In phrases of valuation, we’re coping with a inventory that is up 15% year-to-date as a result of inflation and the conflict in Ukraine. Yet, I nonetheless prefer it. The implied (future) free money stream yield is at a multi-year excessive within the firm’s historic FCF/market cap vary (decrease a part of the graph under), which suggests traders should not overpaying for future free money stream. That’s completely key in dividend progress investing. Moreover, the enterprise worth is roughly $81.8 billion, which relies on a $69 billion market cap, $9.5 billion in internet debt, in addition to $3.3 billion in pension-related liabilities. That’s roughly 16.0x the common EBITDA fee for the subsequent 3 years ($5.1 billion). That’s not low-cost. However, I added all pension liabilities and we have to remember that free money stream conversion is extra essential than EV/EBITDA. Also, I anticipate that EBITDA will speed up after 2024 as a result of some main initiatives just like the B-21 Raider.

Northrop Grumman EV to EBITDA
Data by YCharts

With that mentioned, listed here are my closing phrases.

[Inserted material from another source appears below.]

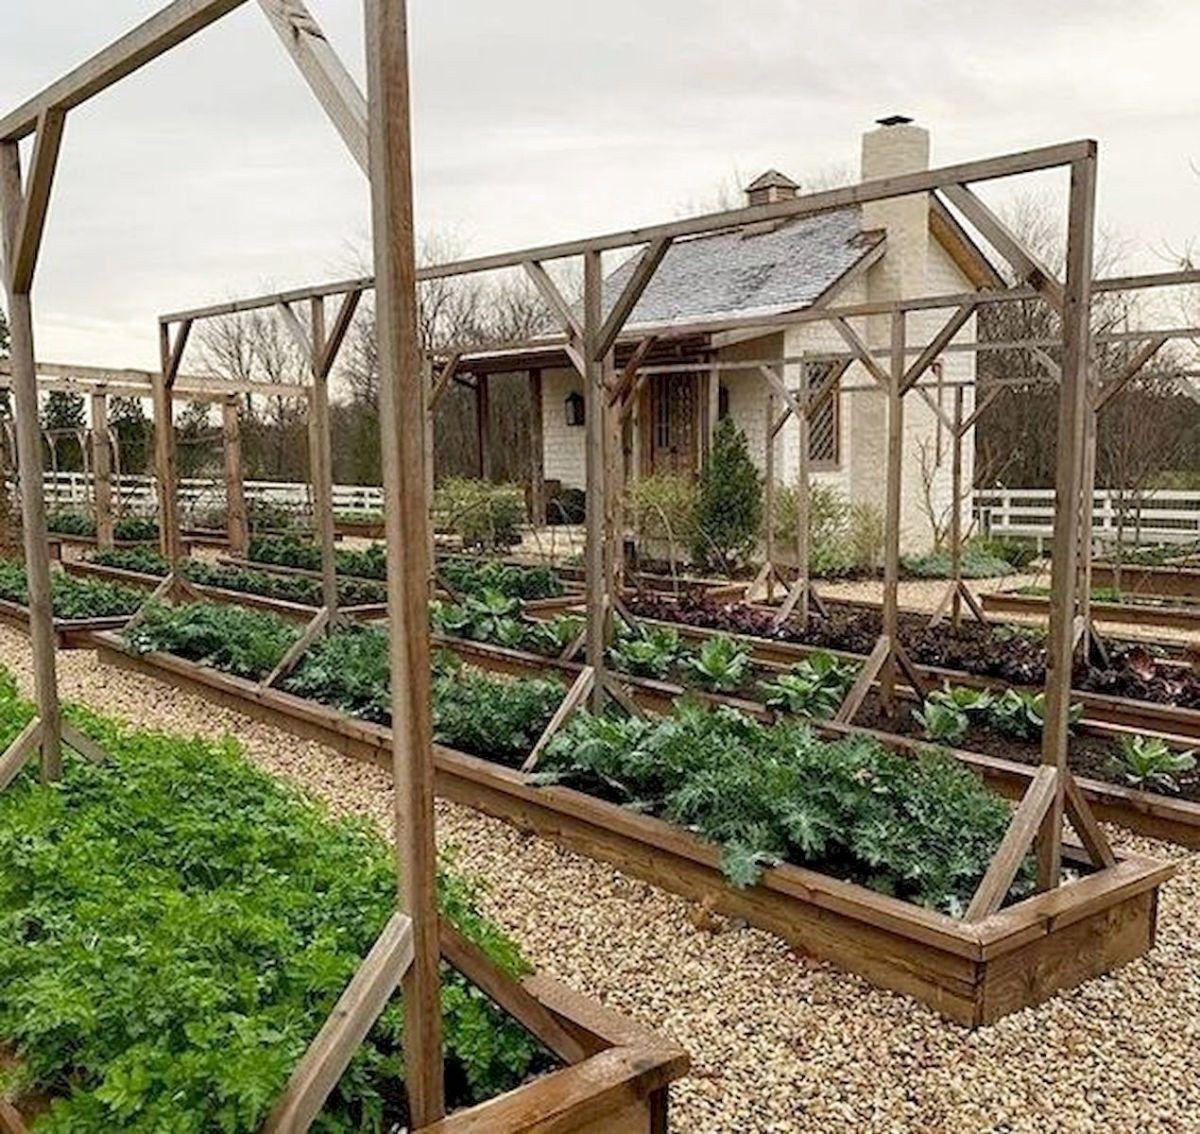 Design Ideas For Vegetable Gardens: 33 Excited Vegetables Garden Ideas

I feel that is one in every of my most essential articles of this quarter as we talk about an important matter: investing in instances of excessive inflation and uncertainty.

Northrop Grumman is one in every of my favourite dividend progress shares and I imagine it should defend traders in instances of excessive inflation.

The firm is in a great place to offset rising inflation because of the construction and nature of its contracts in addition to its place within the (NATO) protection provide chain. Even within the Seventies, the corporate not solely protected traders however it generated quite a lot of wealth for everybody fortunate sufficient to carry shares again then.

Moreover, the corporate is ready to generate robust free money stream, which helps excessive dividend progress, buybacks, and future investments.

If something, this inventory is not simply nice to fight inflation, however a inventory that traders ought to personal whatever the financial outlook. The valuation is truthful and I like to recommend everybody studying this to contemplate making NOC a core a part of their portfolios.

(Dis)agree? Let me know within the feedback!